Energy Department’s Office of Electricity Delivery and Energy
Reliability, spoke at length about strategies to make the grid more
resilient."
I find that most of the time "renewable" is
code for solar and wind, although there are other renewable alternatives
(nuclear, landfill gas, OTEC, waste to energy, cogeneration, to name a few).
Getting people to switch from electric to propane for cooking,
water heating and clothes drying would save a lot of energy each year
even though propane may not be renewable.
I've posted enough on solar and wind that I won't go into why they are bad ideas again.
Whatever else they are and are not, they are NOT resilient. Not in the face of a hurricane.
Yes, we need reliable, resilient, power. Yes, we need the power distributed around the island. It is ridiculous that Fajardo gets its power from PeƱuelas. Not just for resiliency but for the cost of transmitting that power all that distance. We need a large number of smaller, 100-500MW plants, perhaps even smaller than 100MW widely distributed.

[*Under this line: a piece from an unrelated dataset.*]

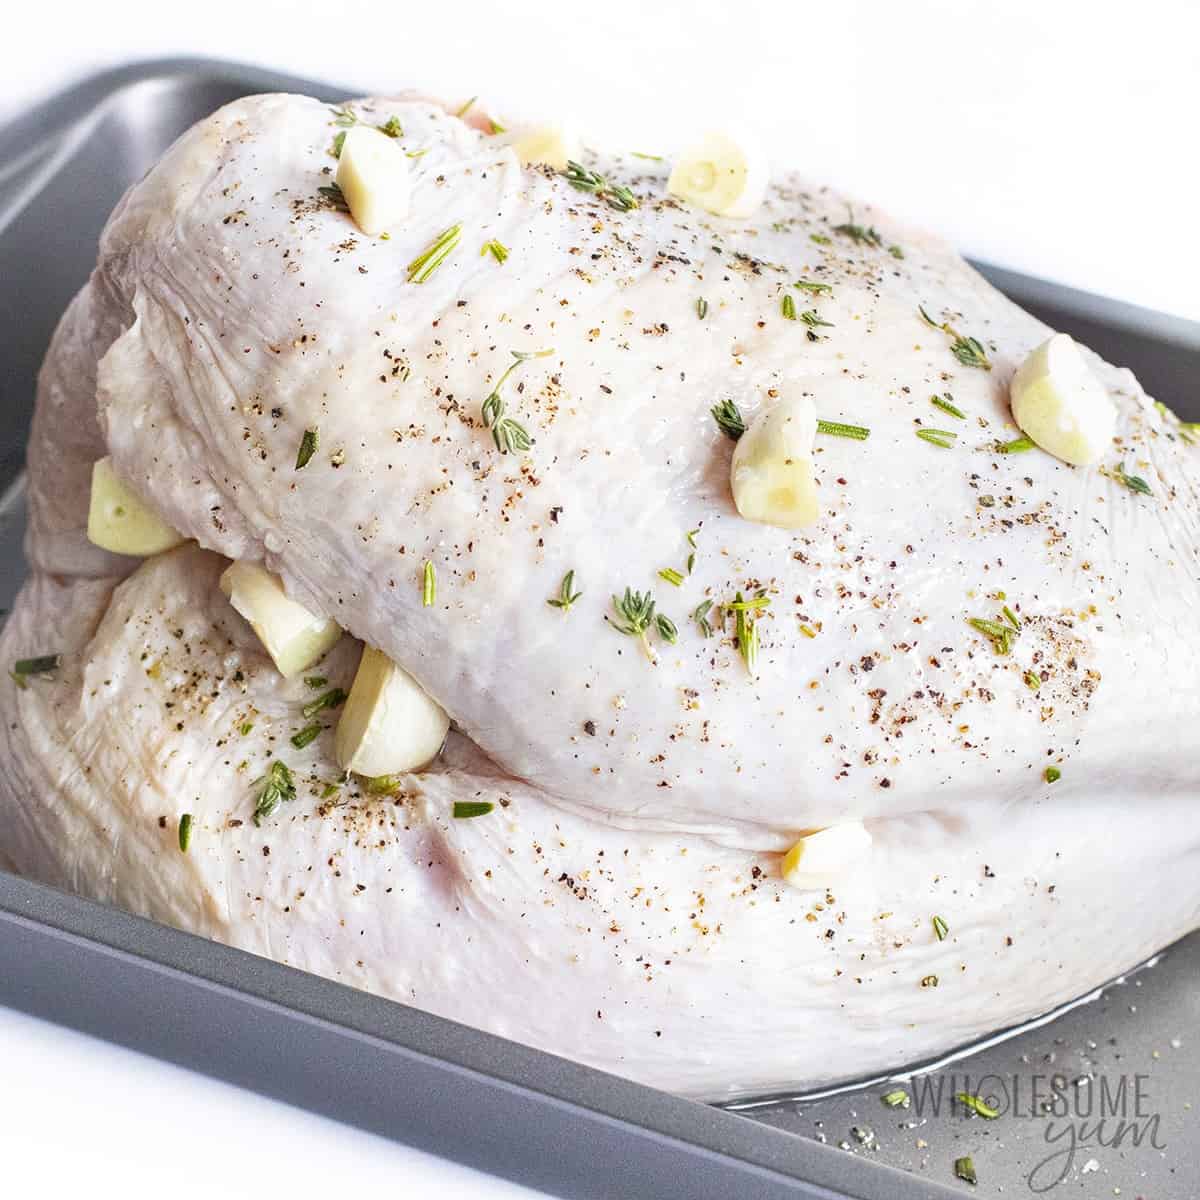 Turkey breast in air fryer before cooking

Many manufacturing plants would like to build microgrids and there is no reason why they can't do it safely and effectively.
Except PREPA:
“We have not been able to do that in the past because typically Prepa
protects its invoices. We are the biggest invoice. They may be concerned
about this kind of threat,” he [Rodrigo Masses] said.
Longer term, I am hoping to see some of these small, package, nuclear power plants in PR in the next 5 years. Now that would be resilient AND renewable. They can put the first one in my backyard at Roosevelt Roads.
I won't feel threatened at all. But perhaps that is because I know something about the safety of nuclear power.